Le lavoratrici nel 1941 spiazzarono l’azienda cesenate di marmellate e il regime con uno sciopero spontaneo

Le coraggiose donne dell’Arrigoni  L’altra metà del cielo operaio

Le coraggiose donne dell’Arrigoni L’altra metà del cielo operaio

Alcune gentili lettrici ci chiedono di ricordare, che significa tornare con il cuore, alle donne dell’Arrigoni, la più importante fabbrica con sede a Cesena, rinomata in campo nazionale: un gran pezzo della nostra storia recente durante buona parte del 1900. Nei momenti della sua maggior espansione, fine anni trenta e primi anni quaranta del secolo scorso, l’Arrigoni cesenate (specialista in marmellate, frutta sciroppata, conserve di pomodoro, ortaggi e zuppe di verdura essicate) dava lavoro a circa 4500 addetti, di cui la maggioranza, stagionali comprese, erano 2500 donne. L’altra metà del cielo operaio. L’incremento occupazionale dell’Arrigoni, industria conserviera di Trieste scesa a Cesena nel 1929,era via via cresciuto negli anni non tanto per il mercato nazionale interno quanto per le importanti commessi ricevute dall’esercito italiano e anche dall’esercito tedesco. Le operaie erano pagate meno degli uomini: ma avere un lavoro, o mesi stagionali di occupazione, era gran cosa per i magri bilanci di gran parte delle famiglie di Cesena e dintorni in quegli anni difficili.

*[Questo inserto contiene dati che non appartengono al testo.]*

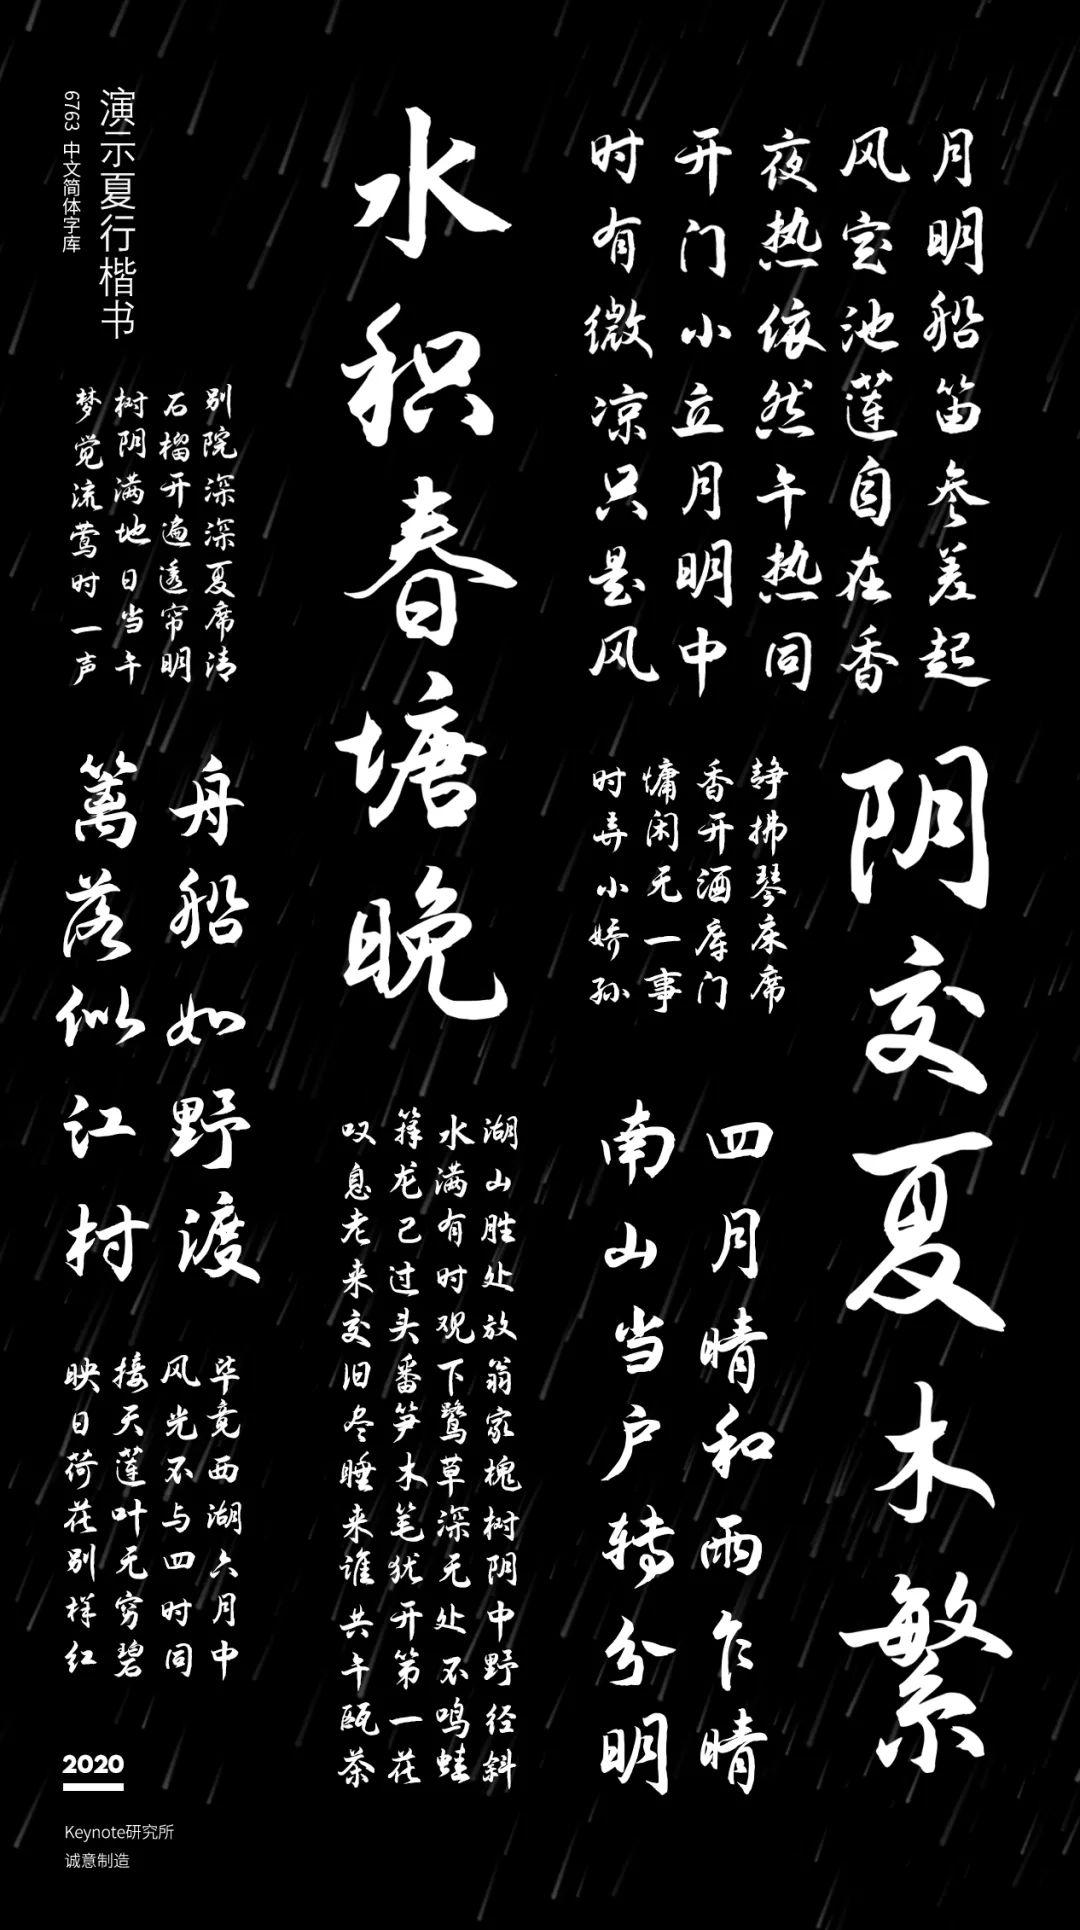 【演示夏行楷-Slidexiaxing-Regular】  -  免费正版中文字体下载

Già allora i prodotti Arrigoni erano apprezzati e desiderati. Ma, come sempre, bisogna stare attenti a non a cadere nella tagliola zuccherosa della nostalgia. Ad esempio: la lavorazione dei pomidoro pelati avveniva in condizioni allora ritenute normali, oggi inaccettabili. I pomodori, sbollentati a 70° gradi, giungevano in canalette d’acqua quasi bollente davanti alle operaie che toglievano la guaina, la pelle, agli ortaggi: pelandoli uno ad uno per ore e ore. Senza guanti: a mani nude, soltanto protette sino all’avambraccio da una spalmata di silicone idrorepellente, in un ambiente saturo di umidità e di calore artificiale e insano, foriero di future artrosi. 1941: uno sciopero spontaneo di 250 donne del reparto “Naturali” spiazzava l’azienda e il regime. Tra i buoni motivi: il basso salario, la cattiveria delle sorveglianti, la decisione aziendale di raddoppiare il prezzo di un kg. di marmellata al mese a costo di fabbrica, piccola dote agli operai (impiegati raccomandati e dirigenti potevano prendere dai sei ai dieci kg). Quello sciopero sarà l’anteprima di altre importanti mobilitazioni operaie nel biennio successivo.

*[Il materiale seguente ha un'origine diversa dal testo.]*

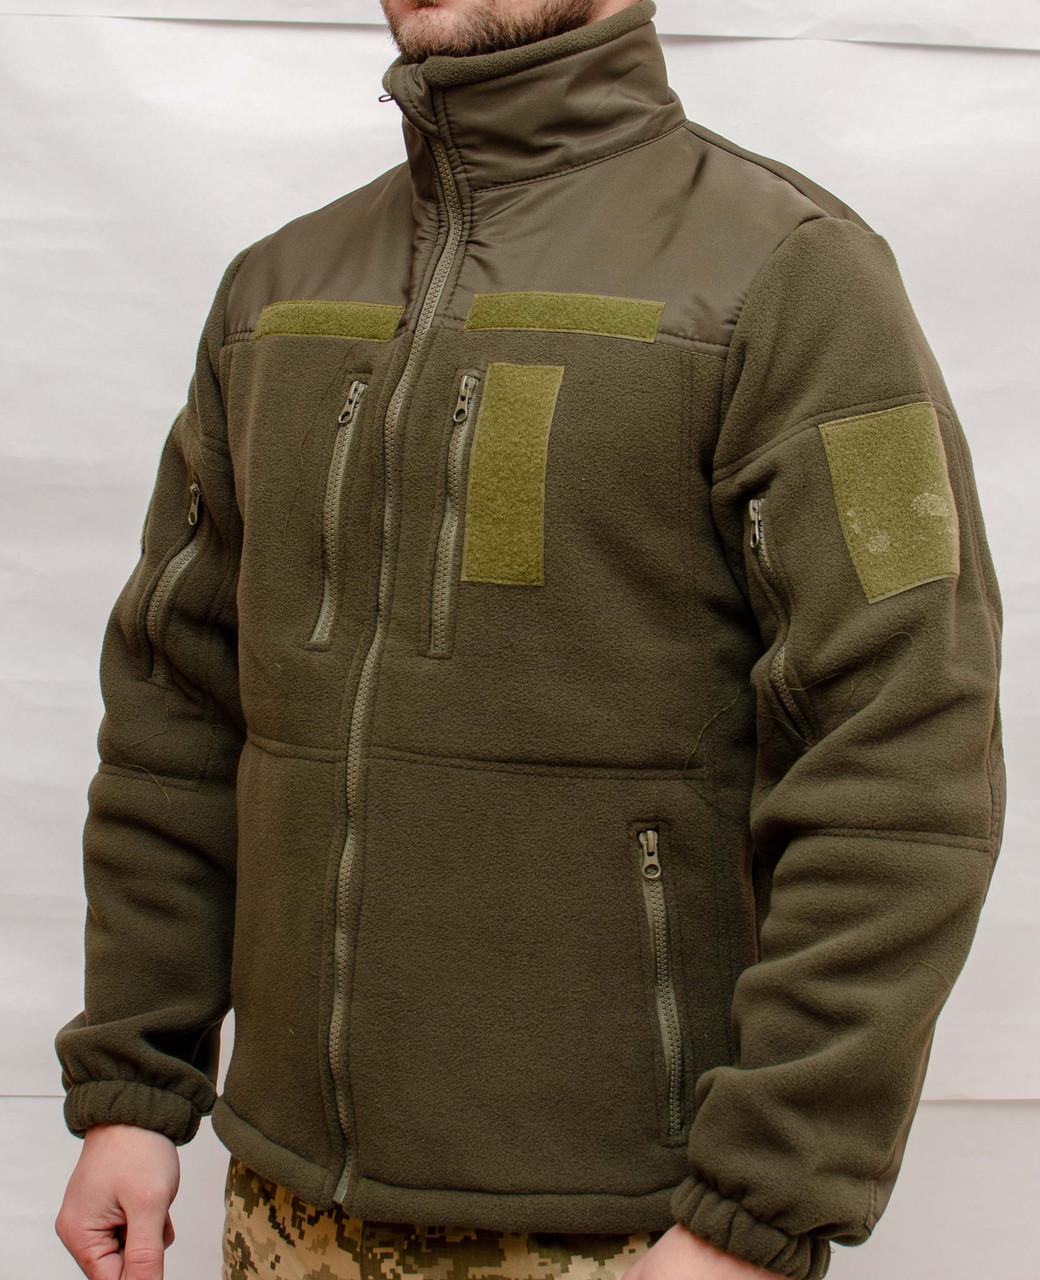 Тактическая флисовая кофта  Army Tactic хаки

L’Arrigoni, come altre fabbriche del Nord Italia, malgrado retate, delazioni e repressioni diventava caposaldo della Resistenza. L’azienda cesenate bloccava i suoi macchinari nell’agosto 1944, due mesi prima del passaggio del fronte e la Liberazione di Cesena. Le maestranze riuscirono a salvare dall’ira dei tedeschi in ritirata buona parte dei macchinari che saranno riattivati un po’ alla volta già nell’aprile del 1945, dapprima come pastificio. Memorabile l’inventiva dei tecnici e la maestria degli artigiani cesenati che elaborarono i pezzi di ricambio, introvabili, da componenti dei residuati bellici lasciati nelle campagne. Allo stesso modo nelle case cesenati le donne “rivoltavano” e ricucivano vestiti e indumenti con le macchine da cucire a pedale. E sarte ingegnose ricrearono per qualche matrimonio vestiti da sposa ricavati dalla seta dei paracadute lasciati nei campi dopo i lanci. La guerra era davvero finita.